On the publication side, scientists who generate specialized data sets, including data created minute-to-minute by automated observing platforms, should be able to add to the web with minimal effort by contributing their data to servers using tools that generate the appropriate metadata for cataloging and data-access facilities.

On the discovery and usage side, broad access to data and analysis tools in this scientific data web will enable scientists to publish data sets and create online publications that point directly to them. It will enable educators to work with data in classrooms, faculty to examine and incorporate data from other disciplines, and students to explore and test their ideas using the data yardstick.  It will provide rich discovery mechanisms, designed to reflect concepts of importance to the education community being served, with data cross-indexed and cross-referenced by multiple themes. We are proposing to build a prototype of this scientific data web, which we are calling THREDDS (Thematic Real-time Environmental Distributed Data Services), as a first step toward achieving this vision.

NSDL Collections Proposal Project Summary

We propose the construction of a prototype system for Thematic Real-time Environmental Distributed Data Services (THREDDS) that will make it possible for educators and researchers to publish, locate, analyze, and visualize a wide variety of environmental data both in their classrooms and in their laboratories.

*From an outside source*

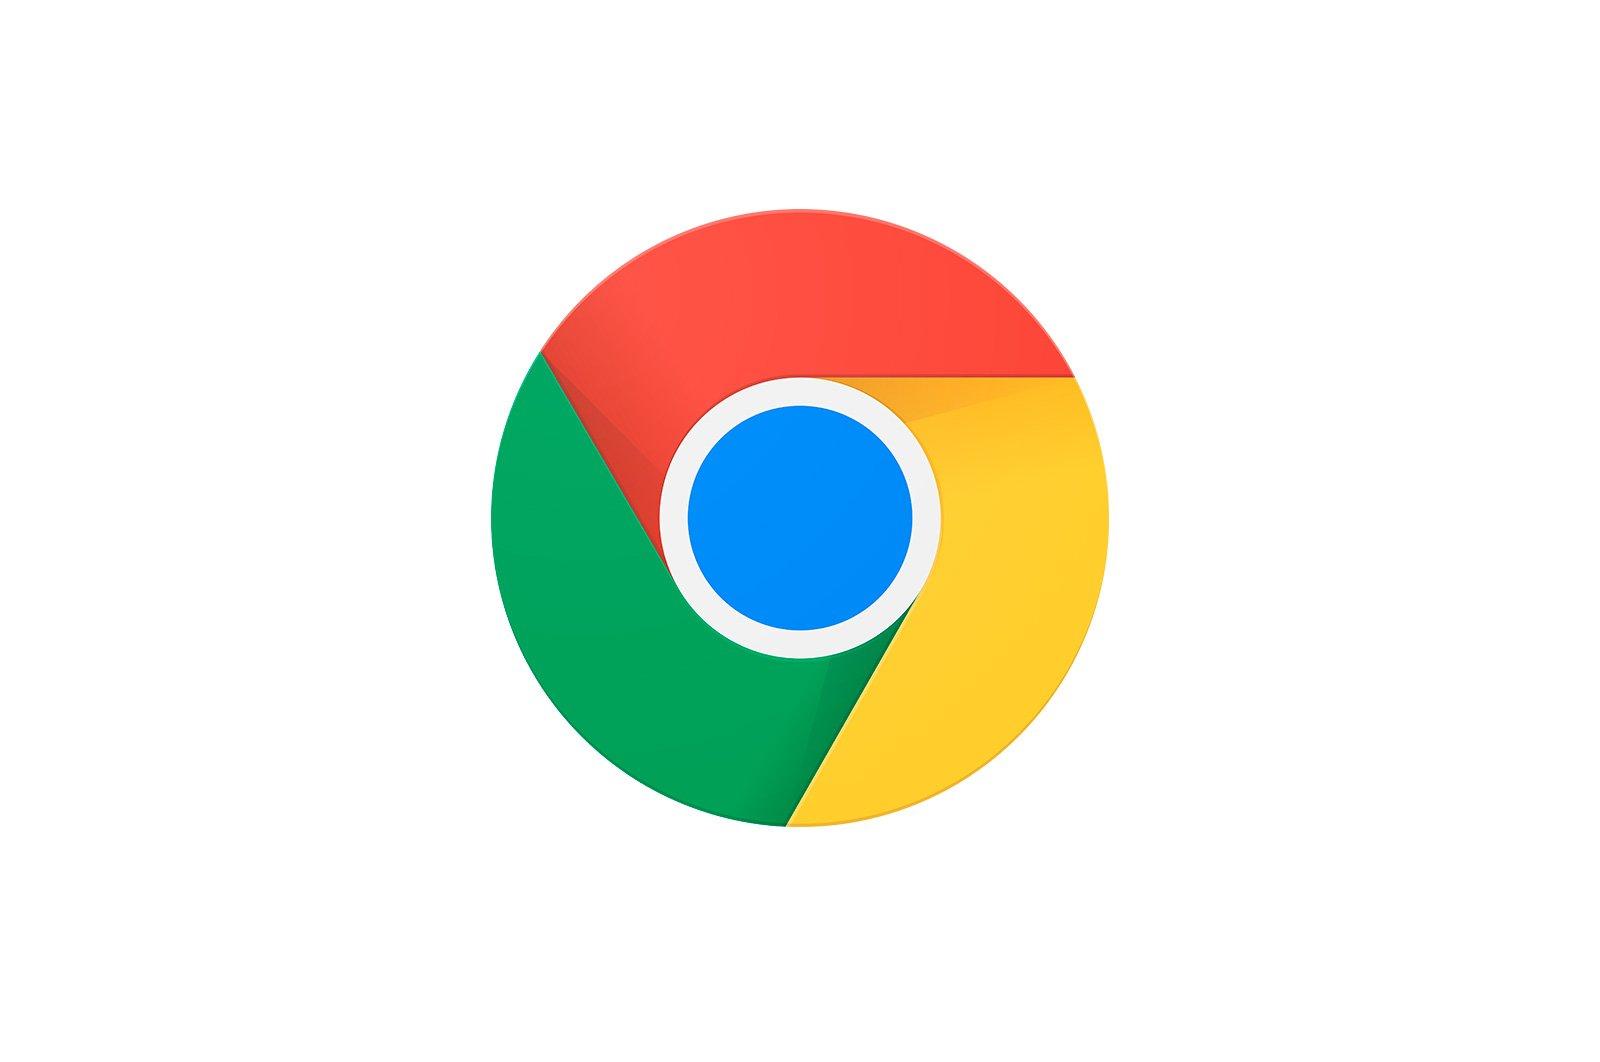 Google Chrome'da Flash Player'ın başarısız olmasının nedenleri

Just as the World Wide Web and digital library technologies have simplified the process of publishing and accessing multimedia documents, THREDDS will provide needed infrastructure for publishing and accessing scientific data in a similarly convenient fashion.

THREDDS will establish both an organizational infrastructure and a software infrastructure.  A team of data providers, software tool developers, and metadata experts will work together to develop a software framework that allows users to publish, find, analyze, and display data residing on remote servers. The software framework, based on a concept of publishable data inventories and catalogs, will tie together a set of technologies already in use in existing, extensive collections of environmental data: client/server data-access protocols from the University of Rhode Island and the University of Wisconsin-Madison, Unidata’s real-time Internet Data Distribution system, the discovery system at the Digital Library for Earth System Education (DLESE), and an extensive set of client visualization tools.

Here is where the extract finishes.